Comment 30 for bug 1365874

Revision history for this message
Theodore Ts'o (tytso) wrote :

The blog post here: https://raid6.com.au/posts/fs_ext4_external_journal_caveats/

is not generally true. What journal_async_commit does is convert the sequence:

1. write journal blocks
2. cache flush
3. write journal commit block
4. cache flush

... to:

1. write journal blocks
2. write journal commit block
3. cache flush

This tends to make a lot of difference on HDD's from a performance perspective, because a cache flush commands are so expensive. On an SSD with a competently implemented flash translation layer (FTL), it shouldn't make much of a difference from a performance perspective, and it shouldn't hardly any difference from write endurance perspective.

The way flash works is that flash chips are organized into erase blocks, which might be say, 64k. This is the minimal size must be erased as a unit. Once an erase block is cleared (which is the slow operation) it can be written a flash page (typically 4k in size) at a time. Once a flash page is written, it can't be erased except by erasing the entire erase block. If most of the erase blocks are filled, either with real data, or with garbage (former data contents which have been superceded), then it might be necessary to copy the still-used data contents to other erase blocks, so that an erase block can be emptied so it can be erased. If it is necessary to do those extra copies before the erase block can be rebase, this is cause of the "write amplifification" effect.

However, doing an extra CACHE FLUSH operation (which is what journal_async_commit eliminates) should not make any difference on any competently implemented FTL on a normal SSD.

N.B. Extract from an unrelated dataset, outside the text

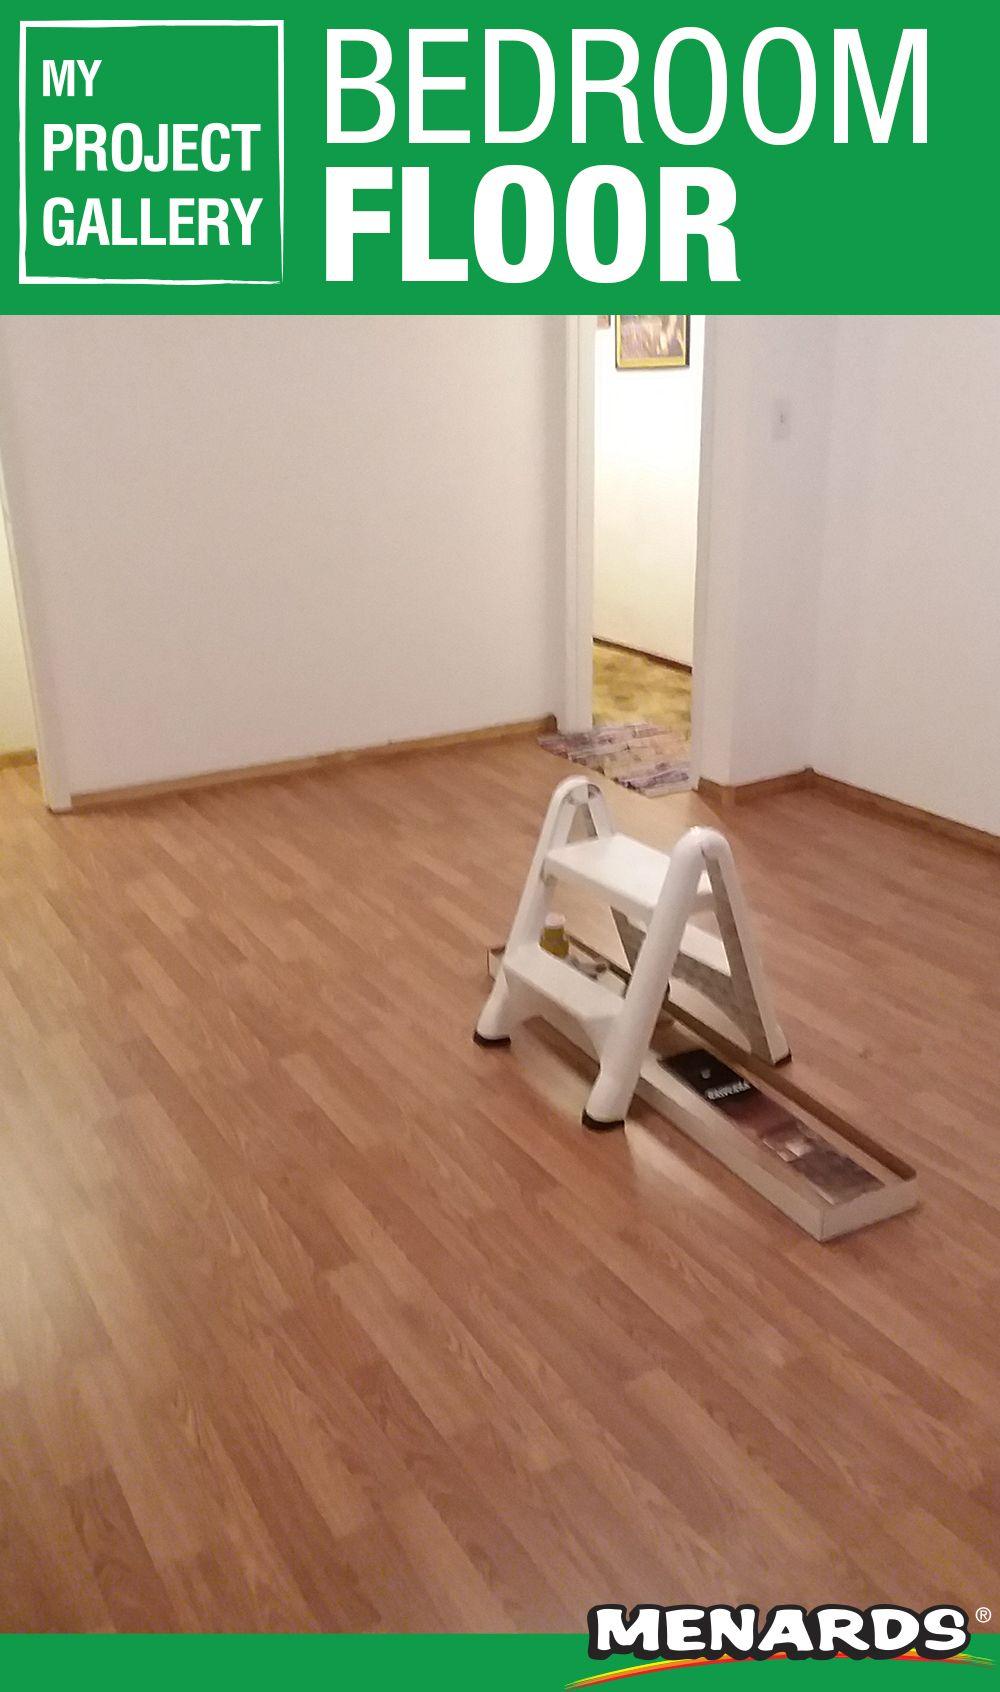 In between work and life, this bedroom floor got a major

The place where it make a difference is on what gets referred to as "cost optimized" flash in polite company, or "crap flash" by more honest engineers. You will most often find this in eMMC flash or SD cards found in the cash register aisle of Micro Center (assuming of course, that you actually get honestly labelled flash as opposed to a SD card claiming to have 1G of flash, but which is only backed by 16 MB of flash --- such that the 16MB + 4k write will end up overwriting previously written data). In these "cost optimized" flash, the FTL may end up mapping each 64k erase page to a 64k LBA address space. In that case, a 4k write followed by a cache flush will end up being the equivalent of a 64k flash erase/write. In the even more awful "crappy flash", each 64k erase block is direct mapped to a 64k LBA address space. In that case, if you are constantly overwriting any portion of the flash (either the FAT table for FAT file systems, or the journal in ext4), then those erase blocks will get worn out first --- and once they are worn out, the flash device becomes broken.

But I emphasize that this is really only a problem for crap flash. For a normal SSD with a competent FTL, the use of journal_async_commit (or not using journal_async_commit) should not make any real difference to how long your flash device lasts.